Der Duft traf mich sofort – diese berauschende Mischung aus regennasser Erde, Kiefer und Ozon. Er schlug bei mir ein, umfing meine Sinne und ließ meine Knie weich werden. Mein Körper, verräterisch und erbärmlich, summte vor Wiedererkennung. Er wollte ihn, auch wenn mein Verstand vor Entsetzen schrie.
„Schließ die Tür", befahl er. Seine Stimme war ein tiefes Grollen, das durch die Dielen vibrierte.
Ich stieß die Tür zu. Das Klicken des Riegels klang wie das Schließen einer Gefängniszelle.
Declan drehte sich langsam um. Sein Gesicht war eine steinerne Maske, seine Augen ohne die Hitze, die mich letzte Nacht bei lebendigem Leib verbrannt hatte. Jetzt waren sie aus Eis. Er musterte mich, von meiner billigen Firmenbluse bis zu meinen abgewetzten Absätzen, wobei sich seine Lippe leicht kräuselte.
„Also", sagte er mit gefährlich leiser Stimme. „Das ist also die Wolfslose, die glaubt, sie könne ihren Alpha für eine Nacht herbeirufen und dann wie eine verängstigte Maus davonschleichen?"
Ich schluckte schwer und umklammerte meine Hände, um sie am Zittern zu hindern. „Alpha, ich ... ich wollte nicht –"
„Wolltest was nicht?" Er machte einen Schritt auf mich zu. Die Luft im Raum wurde schwer, aufgeladen mit seiner Dominanz. „Wolltest dich nicht in mein Bett schleichen? Wolltest nicht meine Haut zerkratzen?"

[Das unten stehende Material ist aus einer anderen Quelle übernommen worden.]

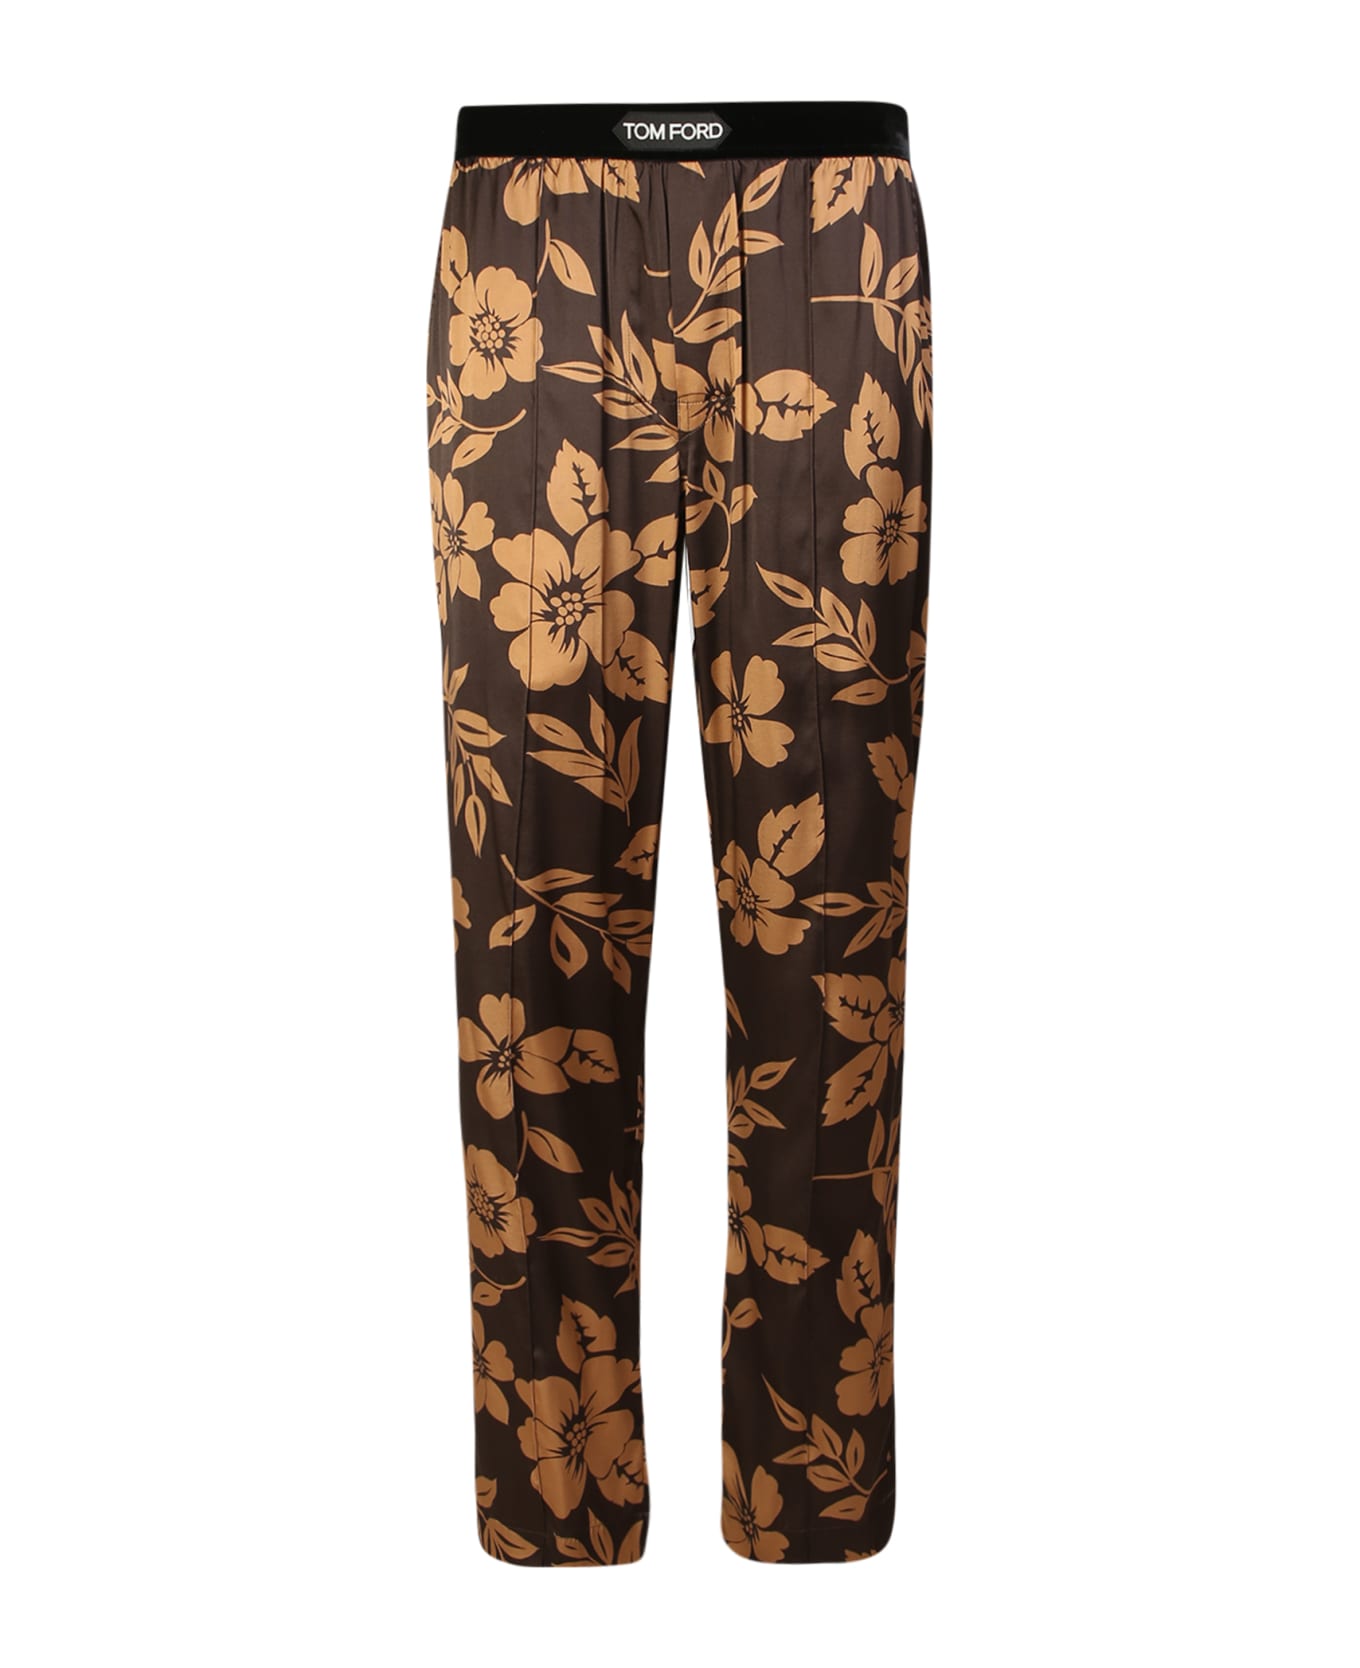 Tom Ford Multicolor Flower Trousers - Brown

Er tippte auf die frischen Kratzspuren auf seiner Schulter – Spuren, die ich hinterlassen hatte. Mein Gesicht brannte vor Scham.
„Ich war betrunken", flüsterte ich und starrte auf den Boden. „Ich wusste bis heute Morgen nicht, dass du es warst. Ich bin in Panik geraten."
„Du bist in Panik geraten." Er schnaubte, ein raues, humorloses Geräusch.
In einer verschwommenen Bewegung überbrückte er die Distanz zwischen uns. Ich keuchte und wich zurück, bis mein Rücken gegen das massive Holz der Tür stieß. Declan ragte über mir auf, stützte eine Hand neben meinem Kopf an der Tür ab und schloss mich so ein. Seine Hitze strahlte von ihm aus und versengte meine Haut, ohne sie auch nur zu berühren.
Er senkte seinen Kopf, seine Nase streifte meine Kieferpartie, und atmete tief ein. Ich zitterte, ein elektrischer Schlag fuhr mir bei der Berührung durchs Rückgrat.
„Du riechst nach Angst", murmelte er an mein Ohr, seine Stimme sank um eine Oktave. „Und nach billiger Seife. Du hast versucht, mich von dir abzuschrubben."
Er zog sich leicht zurück, seine Hand griff nach meinem Kinn und zwang mich, in seine wütenden, faszinierenden Augen zu blicken.
„Sag mir, Anya", sagte er und sprach meinen Namen aus, als wäre er ein Fluch. „Was war der Plan? Den Alpha betrunken machen, die Beine spreizen und auf eine Auszahlung hoffen? Eine Beförderung? Oder dachtest du, du könntest mich mit einer Schwangerschaft in die Falle locken?"
„Nein!" Die Anschuldigung schmerzte mehr als eine Ohrfeige. „Ich bin nicht ... Ich würde niemals ..."
„Warum dann weglaufen?" Sein Griff um mein Kinn wurde fester, nicht genug, um wehzutun, aber genug, um mich gefangen zu halten. „Unschuldige Frauen fliehen nicht vom Tatort, Anya. Nur die Schuldigen rennen weg."
Sein Daumen strich über meine Unterlippe, eine Geste, die verwirrend zärtlich und doch furchteinflößend besitzergreifend war.
„Sag mir", verlangte er, während seine Augen meine mit einer erschreckenden Intensität durchforschten. „Was hast du dir davon erhofft, mein Bett zu wärmen?"